# Things that make you laugh-saving the planet



## sparkie (Apr 2, 2008)

After putting in a 80kw shot blaster and now we have another 12 kw of lighting and some new gantry cranes.

Heard that keep your tyres pumped up and save the planet ad on the radio today.
While I'm not against it in principle it seems a wasted effort when india,china and even uk businesses would be far more effective when it comes to making savings-eg. pc's left on and lights on all night.
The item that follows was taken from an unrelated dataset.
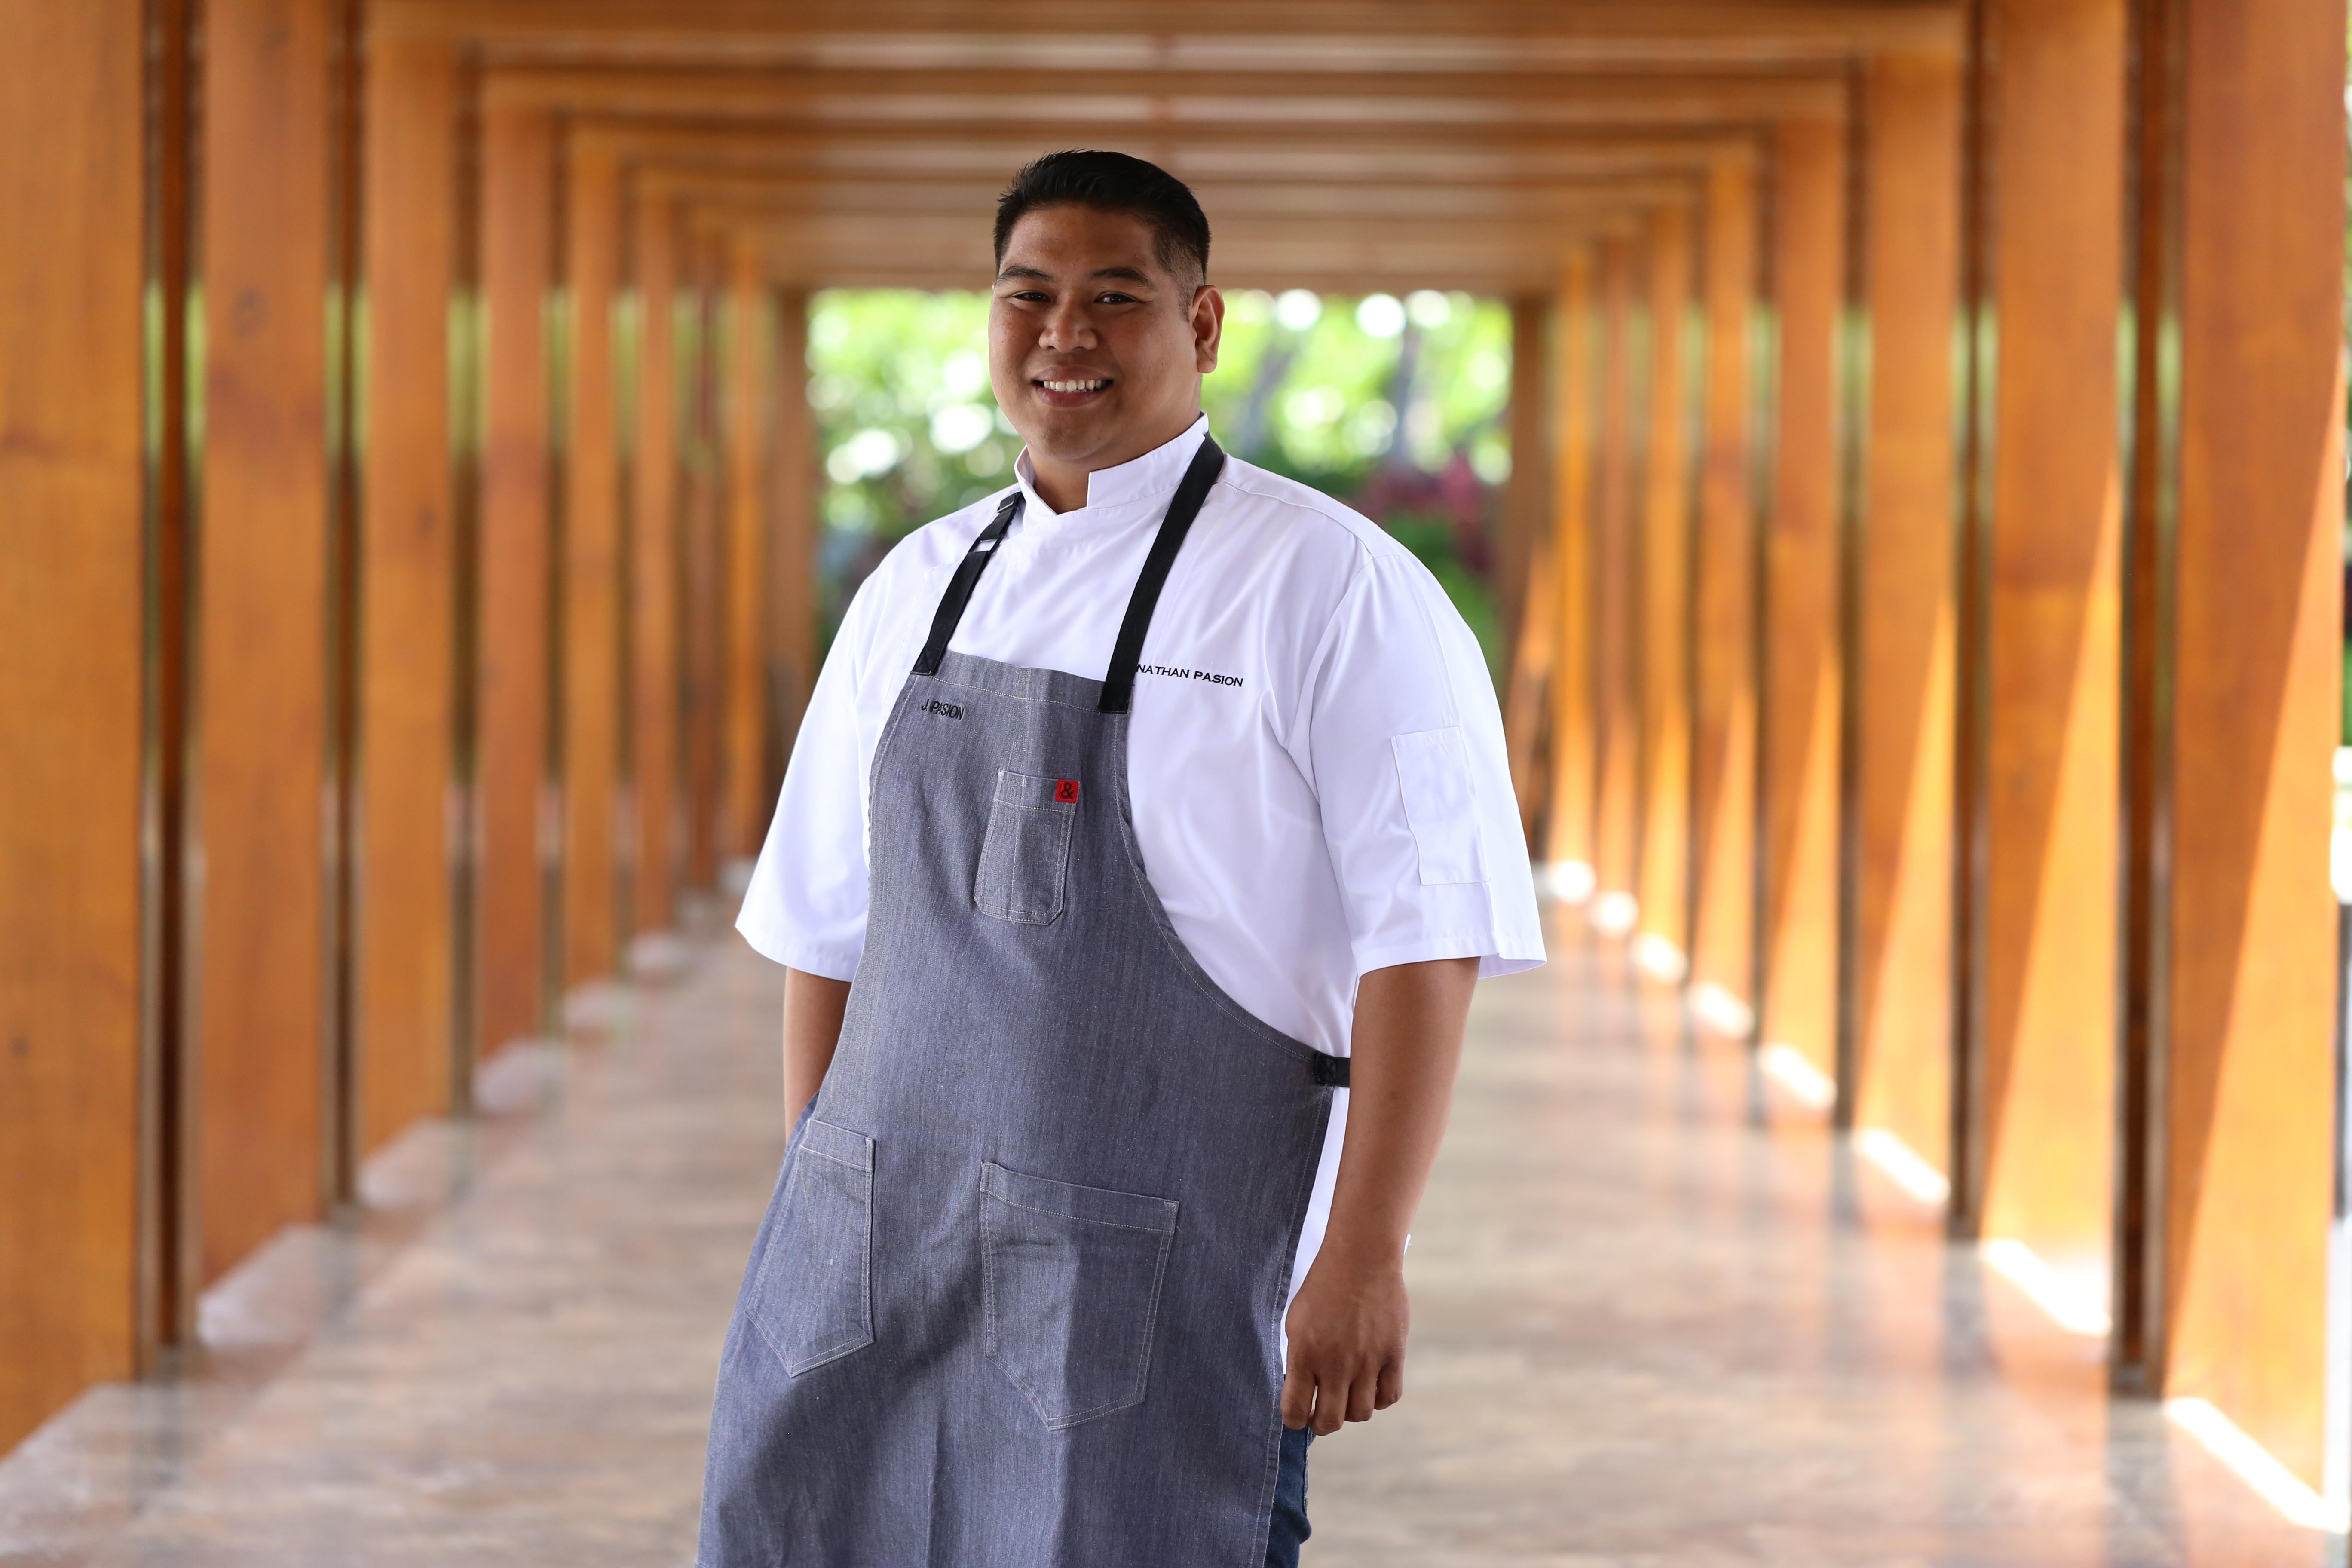 Andaz Chef Wins Hyatt Regional Culinary Challenge

Driving a v8 weekend toy, I blame the government- the fuel tax we pay should make me carbon neutral:thumbsup:

As for recycling- our council dump 50% without even processing it.


----------



## Trimix-leccy (Dec 4, 2007)

So we have all these sh!te TV progs ie Doddering Brucie [should be put in a home, can't stand the bloke; my prob, I can deal with it:thumbsup:] and all these other 'Phone in and vote' progs. On *ALL* of them they have the bl00dy ridiculous 'edge of the seat' 10 second pause before announcing which ZZ list celeb is to be fed to the crocodile. How much energy is wasted by generating these pauses? I calculated [sad I know] that there are over 15 minutes of this each week, and that is not counting repeats and the +1 channels. Multiply this by all the TV which are tuned to this sh!te and there is some colossal energy waste...sorry, rant finishes


----------



## sparkie (Apr 2, 2008)

gf watches tv, I use mine after her crappy programs to type here and watch youtube etc (lounge computer)


----------



## cornishsparks (Oct 14, 2007)

*TV*

Must be getting old when i flick the tv over and over and find a programme on BBC 4 my father would sit and watch.
Do we bwcome more intelligent the older you get.
Me just a baby at 36, should you ask


----------



## brian john (Mar 11, 2007)

Green is the hot tag line you want attached to your company and it amazes me the things that are past off as Green.

I am surprised Crayola brand crayons does not advertise some of their colors (colours for you guys) as the original "GREEN".


----------